Большинство обсуждаемых в настоящее время гипотез о происхождении языка их авторы стремятся согласовывать с достижениями разных наук, прежде всего - с законами эволюционной биологии (в некоторых работах это даже оговаривается специально (см., например [Pinker, 2003, p. 31]). Возникновение языка является одной из сторон эволюции человека, эволюция же в рамках дарвинистского подхода предстает как постепенное накопление адаптивных признаков под действием отбора. Соответственно, исследователи пытаются определить, какие преимущества могли давать гоминидам как язык в целом, так и отдельные его характеристики (в особенности сложный синтаксис).

Так, например, Н. Хомский и Д. Бикертон полагают, что адаптивный смысл языка состоит в обеспечении мышления. Однако эта идея не выдерживает критики: «системе, предназначенной для бесед с самим собой, не понадобилась бы фонология или фонетика, подогнанная к особенностям человеческого речевого тракта, не понадобились бы порядок слов, падежное маркирование или согласование, механизмы выделения топика или фокуса, - все то, что предполагает, что информация должна быть закодирована в виде линейного воспринимаемого сигнала» [Pinker, Jackendoff, 2005], язык не формируется у детей, лишенных доступа к языку [там же], - все это опровергает идею о том, что главной движущей силой глоттогенеза была необходимость обеспечения мышления.
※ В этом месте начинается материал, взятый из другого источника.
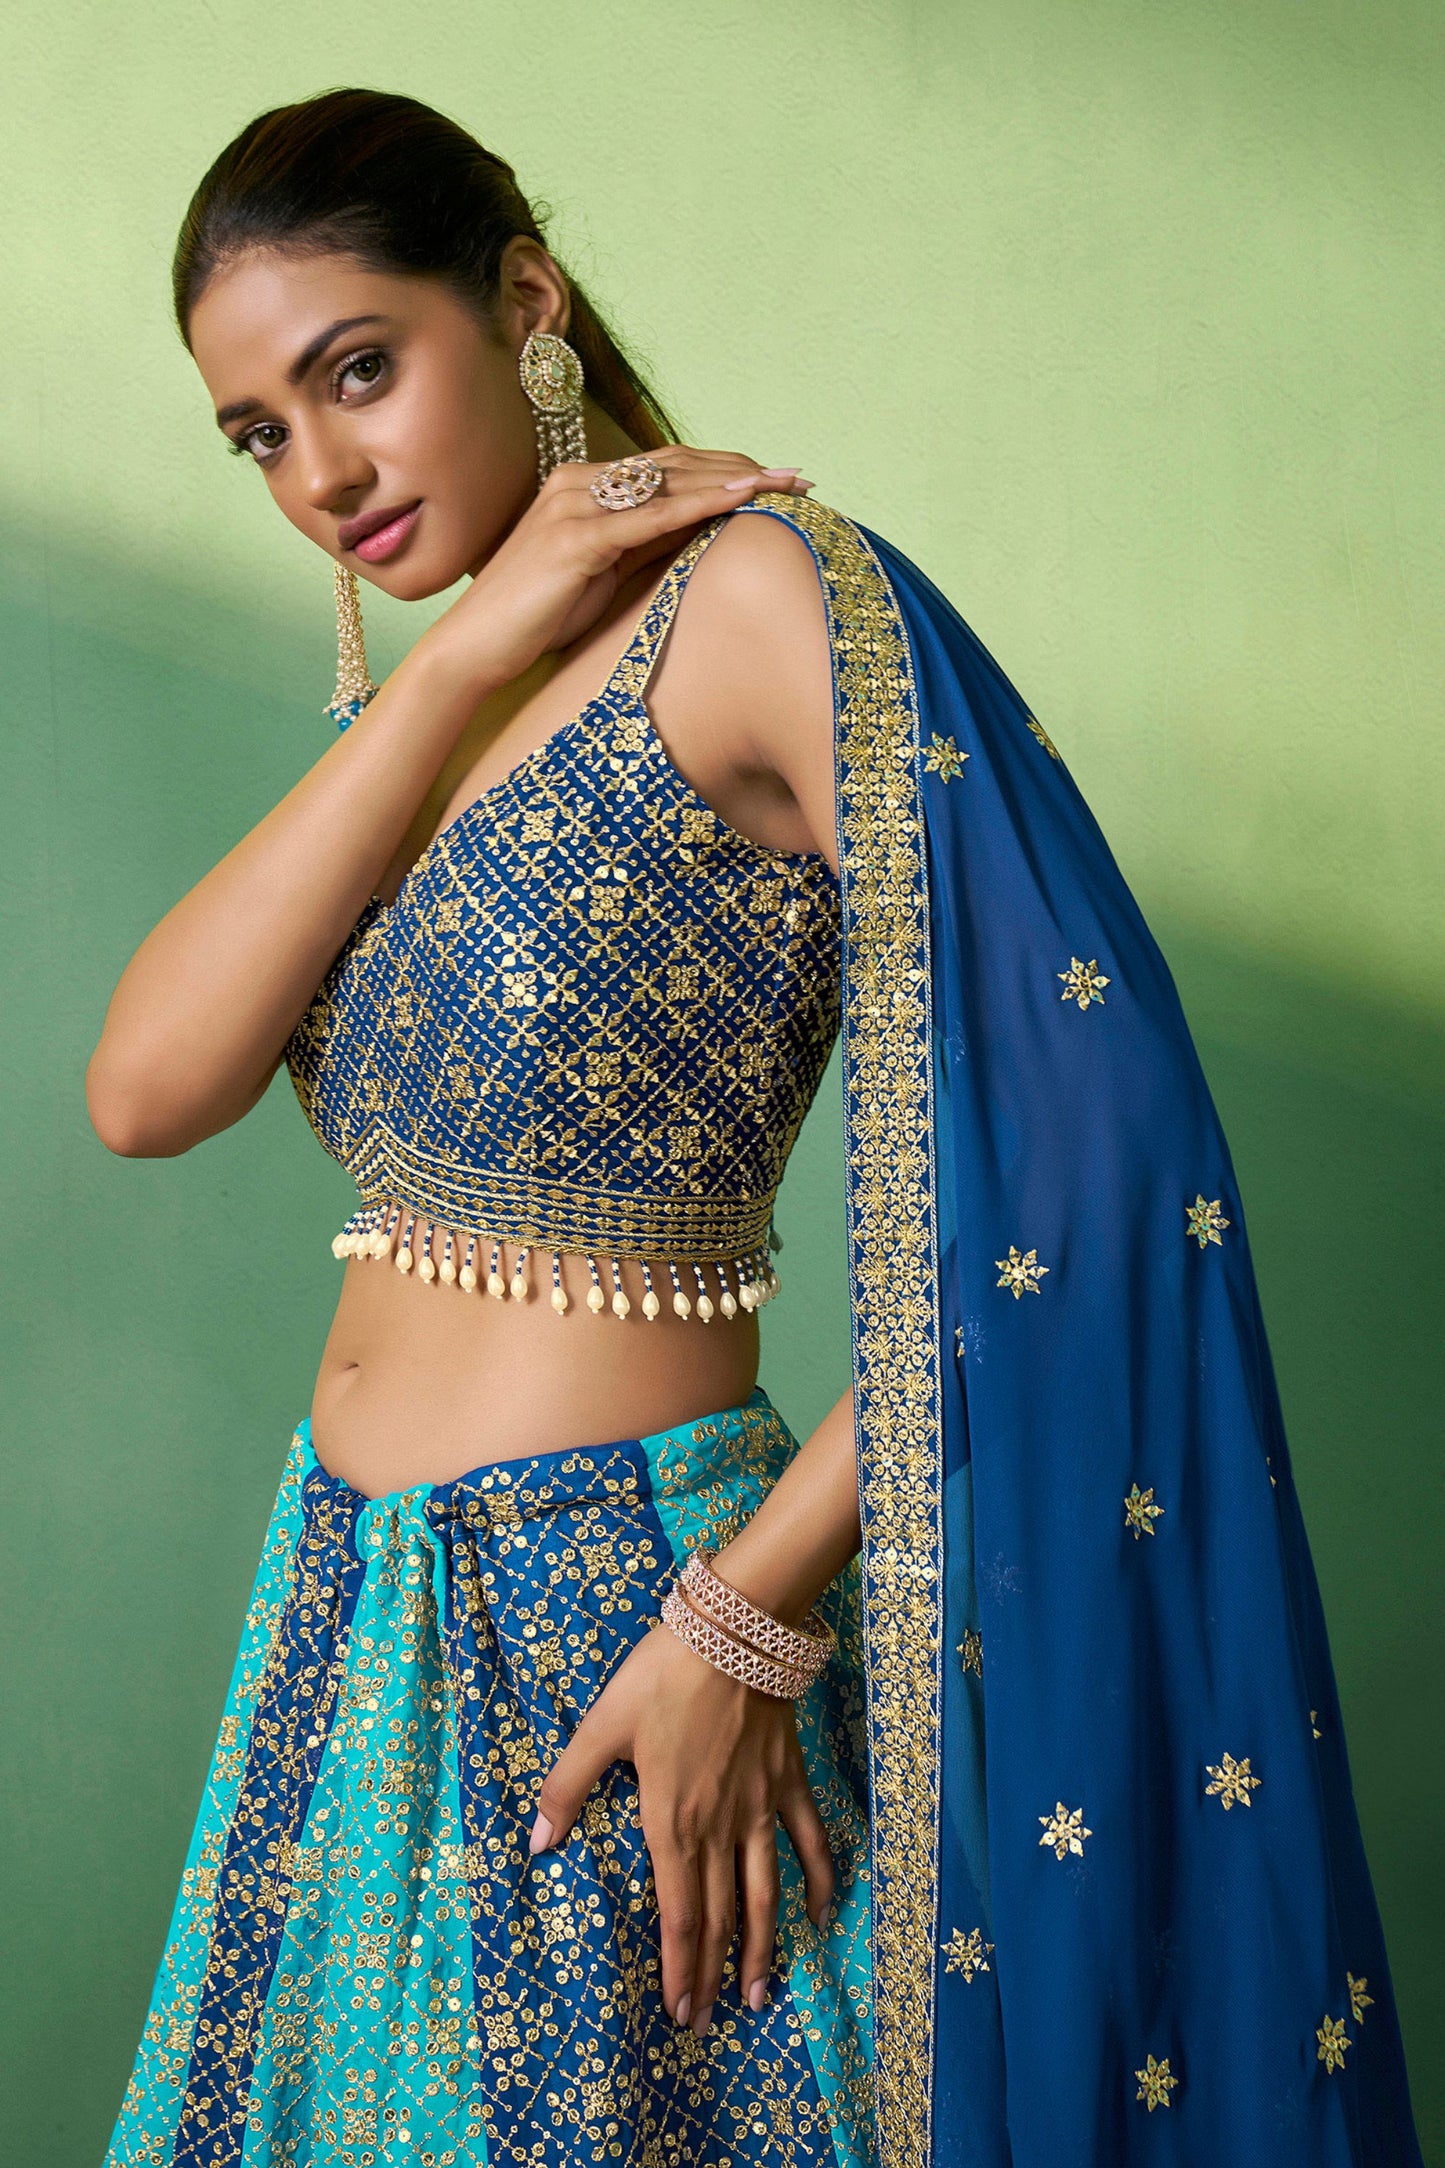 Blue Pakistani Georgette Lehenga Choli For Indian Festivals & Weddings - Sequence Embroidery Work, Thread Embroidery Work,

Ряд ученых недооценивает тот факт, что коммуникативная система «нужна» популяции в целом (см. выше), и пытается искать адаптивные преимущества, которые язык мог бы давать единичной особи (прежде всего, особи, подающей сигнал) или паре общающихся особей [29]. Это порождает гипотезы о развитии языка как средства манипулирования сородичами (см. выше), как средства демонстрации приспособленности мозга при половом отборе [Miller, 2000], как средства повысить собственный статус, превзойдя других в особом «спорте» - разговоре [Dessalles, 2000], и создать союз с другой особью [там же]. У Т. Дикона развитие языка предстает как гонка вооружений: особи стремятся все более эффективно обманывать других (к собственной выгоде) и все более эффективно распознавать обман сородичей (чтобы самим не быть обманутыми) [Deacon, 1997, p. 379-384, 398].

Но большинство исследователей рассматривают язык как явление прежде всего социальное (см., например [The evolutionary emergence..., 2000]) - не в том смысле, что он возник как средство самозащиты у особей, вынужденных жить в коллективе, а в том смысле, что он должен организовывать жизнь социума в целом, будучи средством групповых взаимодействий.

Действительно, «социальная среда для всех животных является своеобразной “оболочкой”, которая окружает особей и видоизменяет, трансформирует воздействие на них со стороны физической среды» [Бутовская, Файнберг, 1993, с. 10]. Тем самым «способность к поддержанию взаимоотношений с родственными или неродственными особями являет собой значительное адаптивное преимущество и представляет стратегию, направленную на усиление заботы о потомстве, повышающую вероятность выживания детенышей» [там же, с. 127]. И «чем сложнее и гибче социальная организация, тем бóльшую роль она играет в защите особей данного социума» [там же, с. 11]. Группы, члены которых были бы ориентированы исключительно на выигрывание у сородичей в конкурентной борьбе и совершенно лишены способности иногда поступиться собственными интересами во благо группы, не могли бы иметь эволюционного будущего: из множества нацеленных на победу в конце концов останется только один - победитель. Но он останется один, лишаясь тем самым адаптивных преимуществ, предоставляемых социальной средой. Поэтому групповой отбор поощряет, с одной стороны, умение особей идти на компромиссы, с другой - разнообразие особей, с тем, чтобы каждая из них могла найти свое место в социальной структуре, уменьшая тем самым остроту конкурентной борьбы. Кроме того, «дифференциация поведения особей на индивидуальном уровне, связанная с уникальностью их прижизненного опыта в сочетании с индивидуальными психическими задатками... способствовала повышению пластичности функционирования группы в целом и обеспечивала определенный запас адаптаций к изменяющимся условиям среды. Тенденция к индивидуализации поведения прослеживается в сравнительном ряду приматов» [там же, с. 22].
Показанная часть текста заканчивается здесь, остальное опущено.